Originally Posted by
Harold_4074
Okay, compose an 8x10 head shot with your 360 f/6.5, stop your 300mm f/2.8 down to f/6.5, and make the same picture full-frame in the DSLR. I expect that the angle subtended by the DSLR lens will be considerably smaller than that subtended by the LF lens, so the perspective and illumination quality will not be the same. I think that this is close to what the text I remember was describing, since at the time the book was written the corresponding comparison might have been between a 6x6 TLR or a 35mm SLR and something like the 405mm Kodak Portrait. If the authors were correct, the format does matter because the other imaging parameters are not completely independent of the film (or, today, sensor) size.

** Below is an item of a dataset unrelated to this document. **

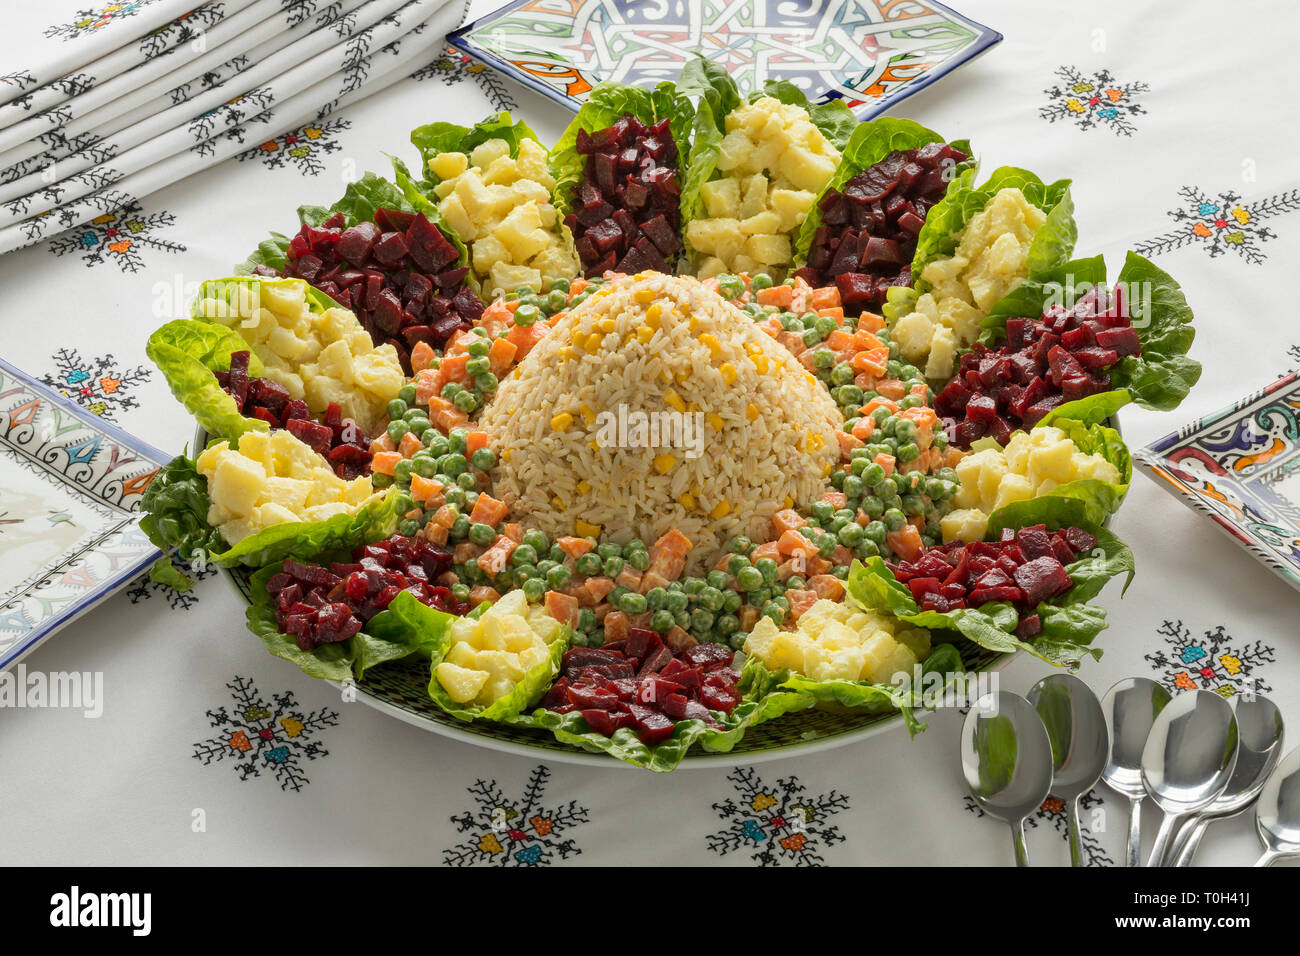 Schale mit traditionellen festlichen Marokkanischen gemischter Salat auf einem schön gedeckten Tisch mit bestickten Tischdecke Stockfoto

I admit to having phrased the original argument (dating from probably the 1960s) to rule out things like multiple digital images being merged or assembled to give the effect of a large front element without perspective problems; this is partly because I spent some time trying to figure out how to do exactly that, and concluded that only a mannikin head (are you reading, this, Randy Moe?) would have the patience and ability to hold still long enough. I gave this up when I realized that translating the small-format lens radially takes the optical axis with it, so that combining the array of images would give a third type of image, not a simulation of either the large, fast SLR or the large, slow LF lenses.